= Problem =
Leaving out every picture, copy the lines of the material below exactly, from the line containing "Miami Waterfront Views" through the line containing "New Orleans Saints".

= Given information =

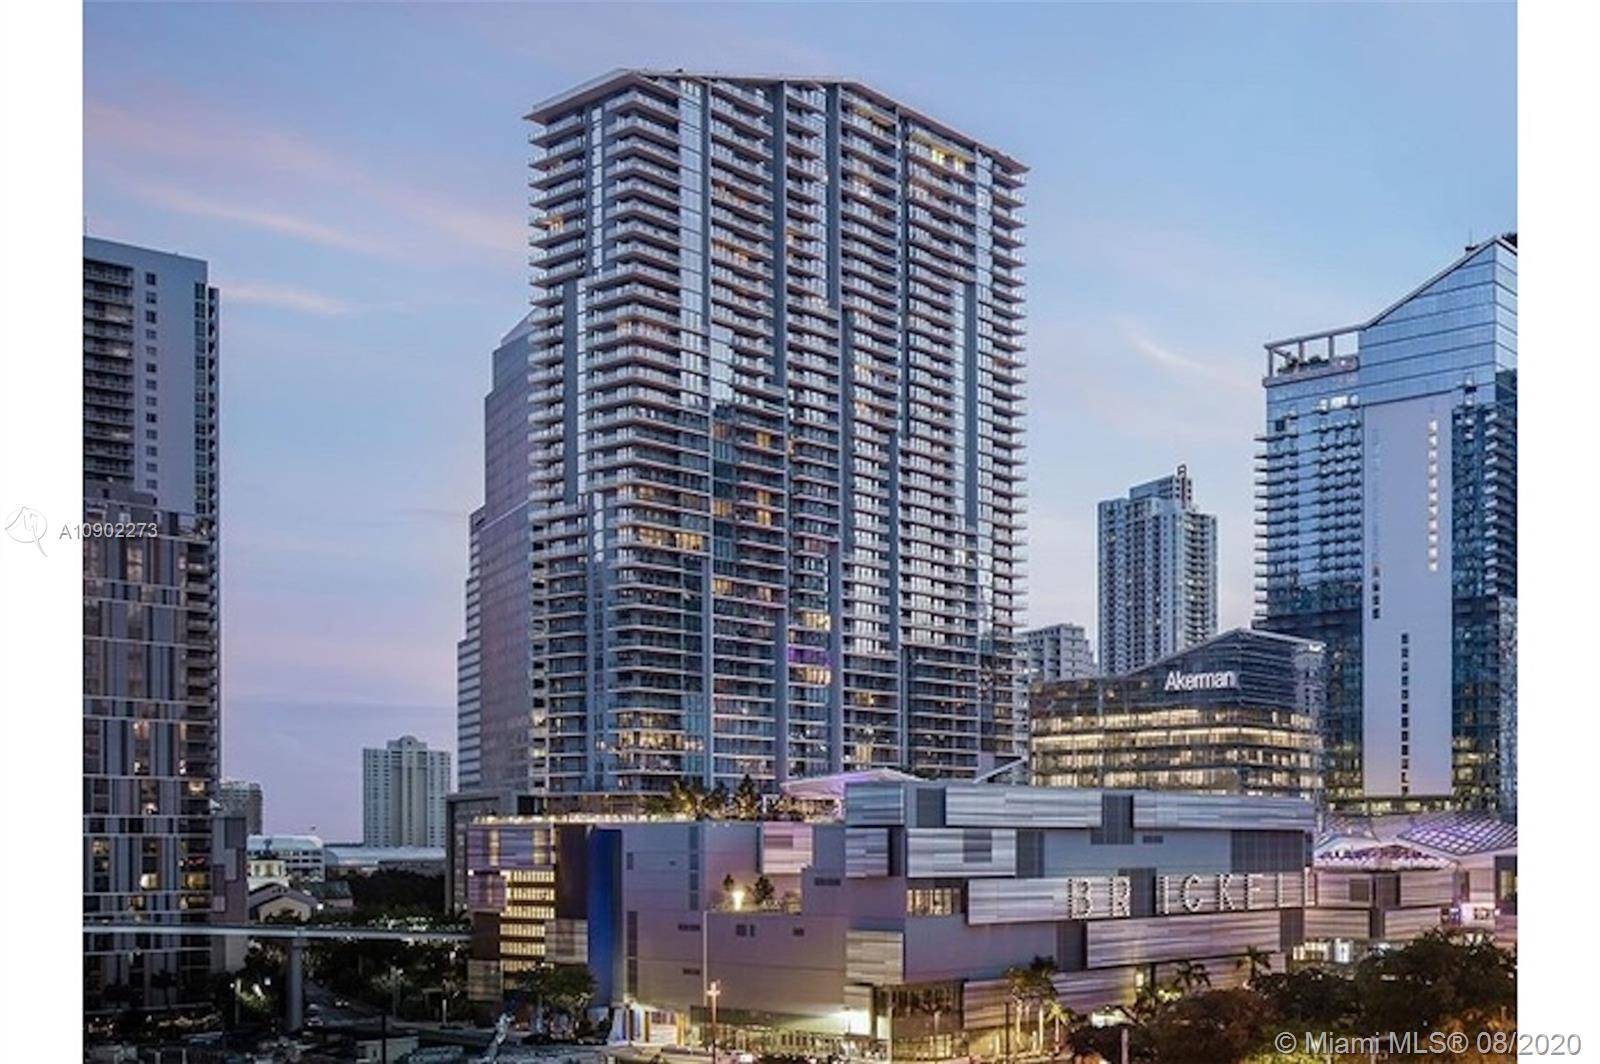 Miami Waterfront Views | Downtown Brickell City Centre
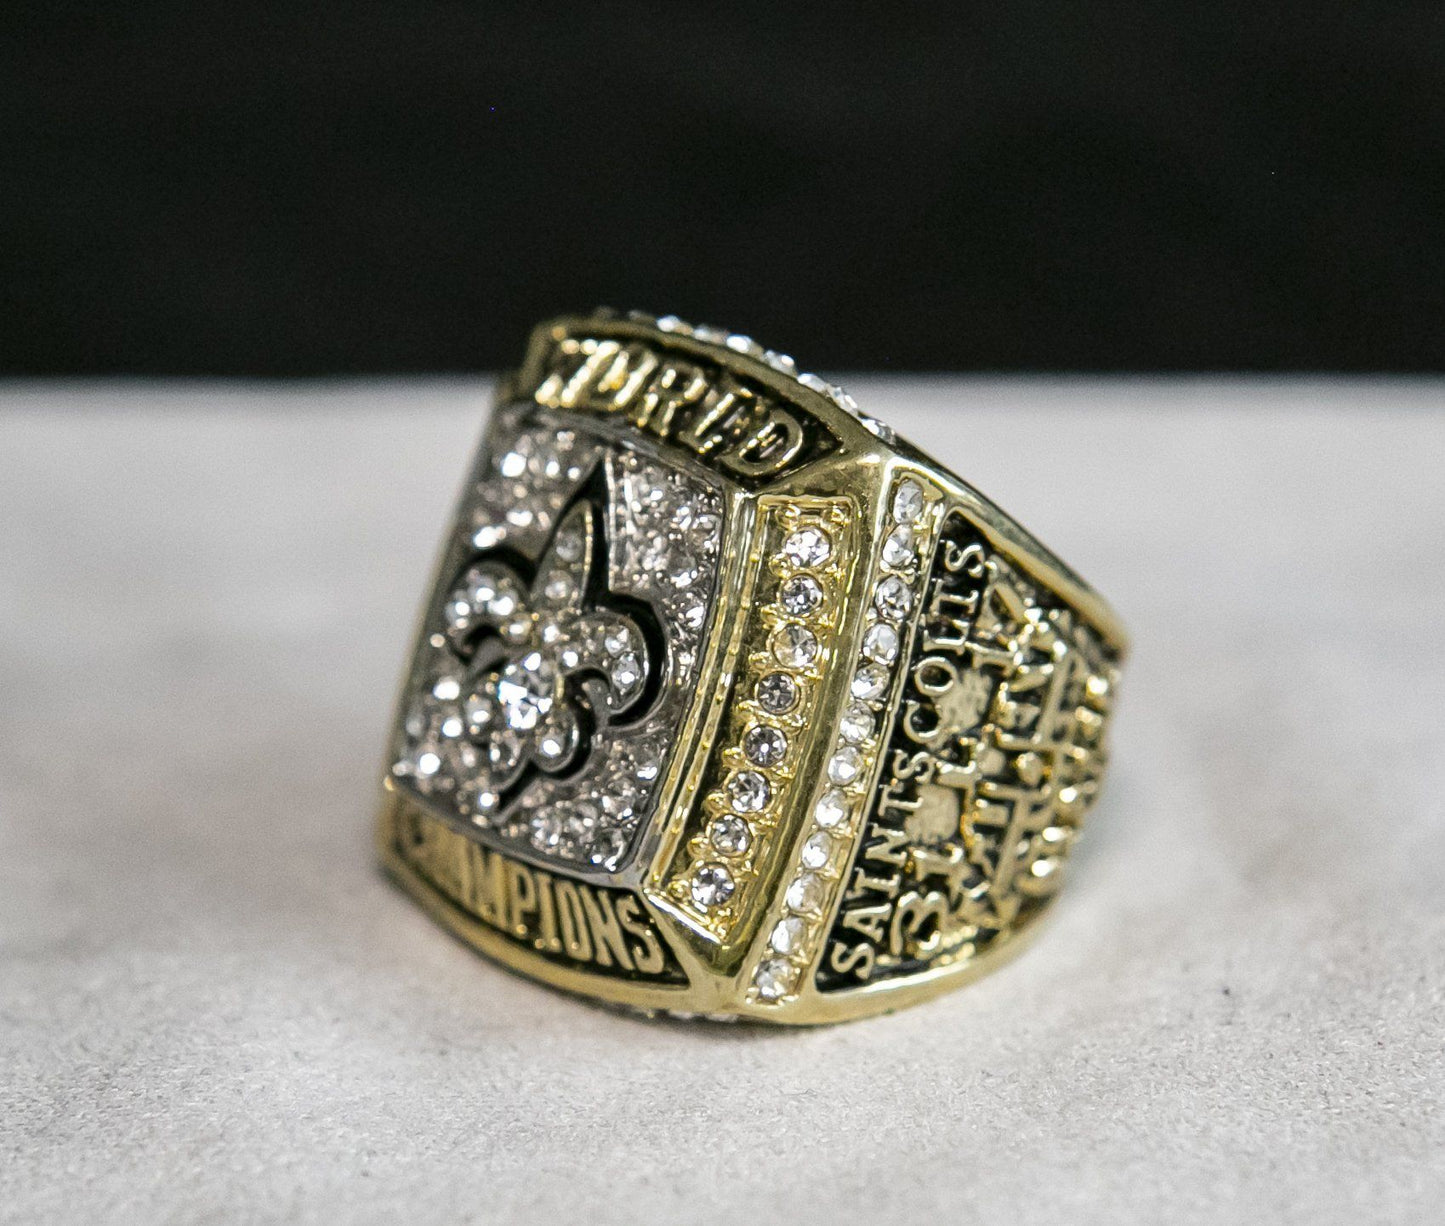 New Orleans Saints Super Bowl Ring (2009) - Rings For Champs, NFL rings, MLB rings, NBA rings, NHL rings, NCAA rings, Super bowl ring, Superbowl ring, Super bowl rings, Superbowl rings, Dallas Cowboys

==

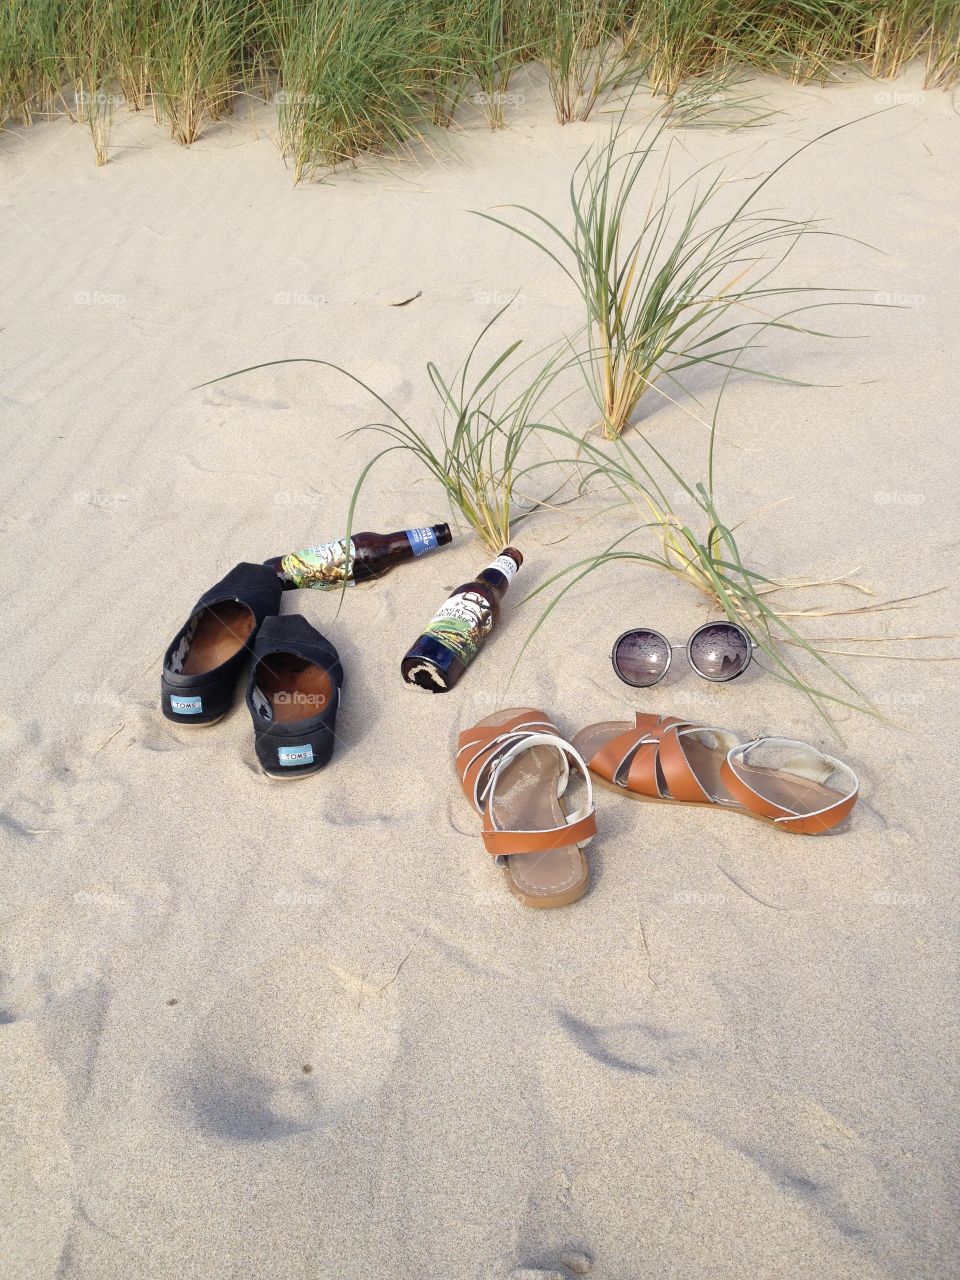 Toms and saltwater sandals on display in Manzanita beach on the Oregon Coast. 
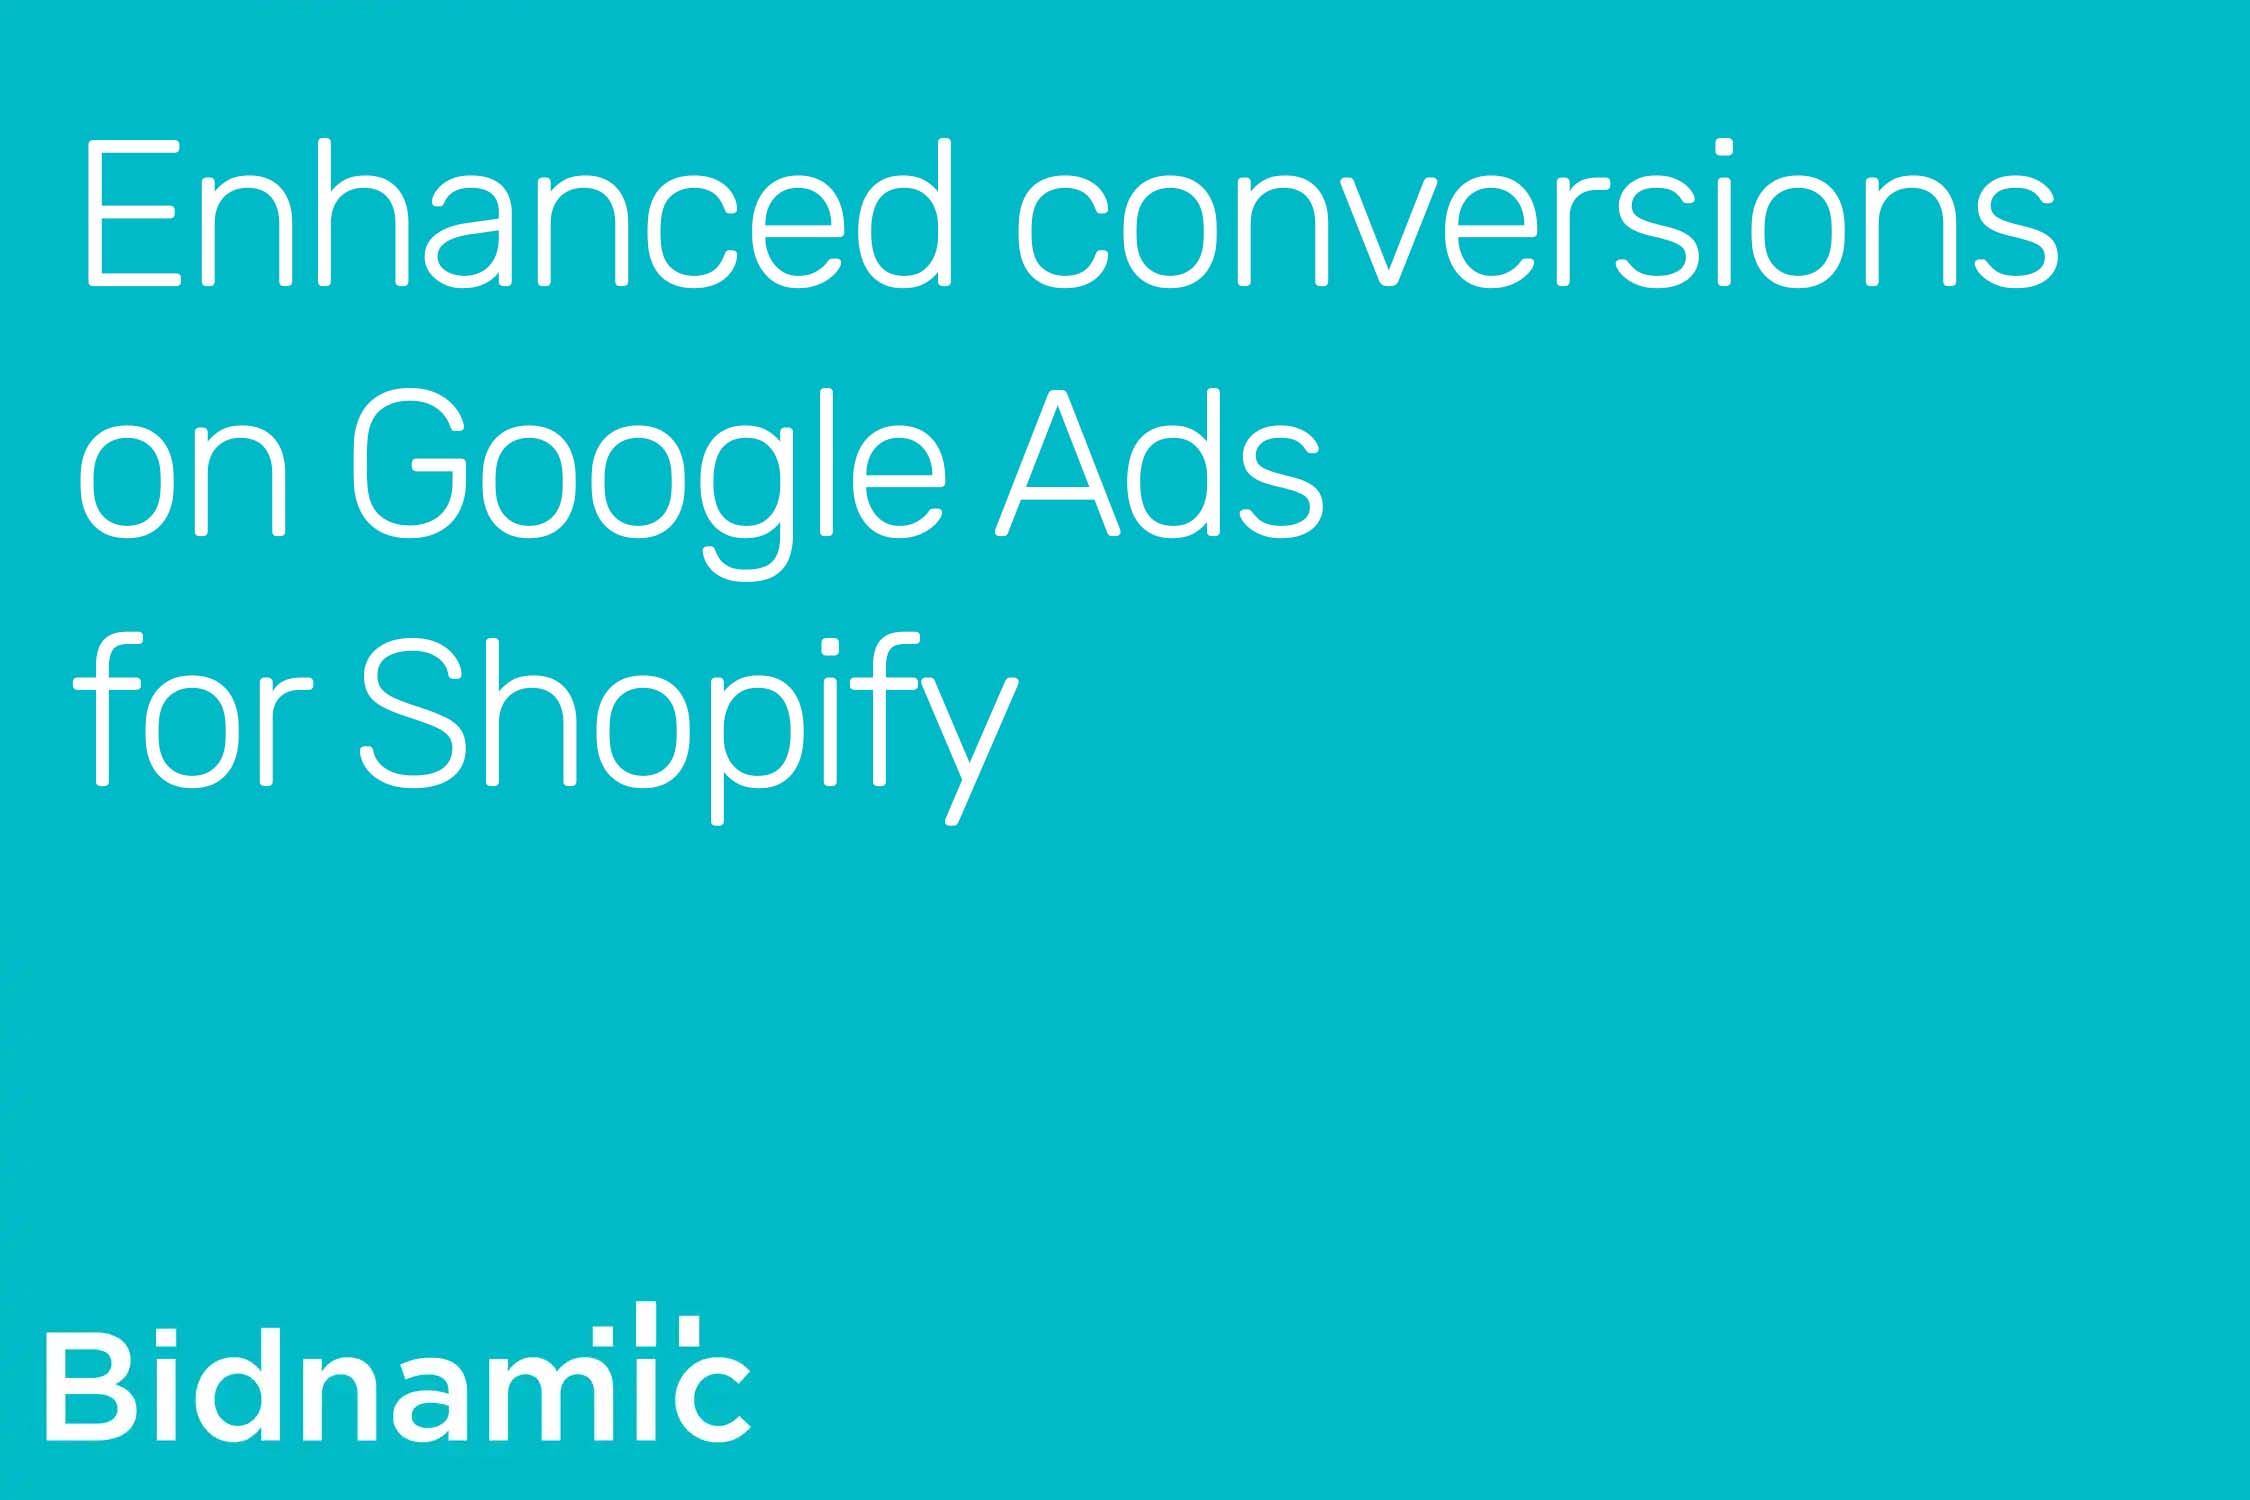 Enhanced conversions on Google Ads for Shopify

= Written solution =
 Miami Waterfront Views | Downtown Brickell City Centre
 New Orleans Saints Super Bowl Ring (2009) - Rings For Champs, NFL rings, MLB rings, NBA rings, NHL rings, NCAA rings, Super bowl ring, Superbowl ring, Super bowl rings, Superbowl rings, Dallas Cowboys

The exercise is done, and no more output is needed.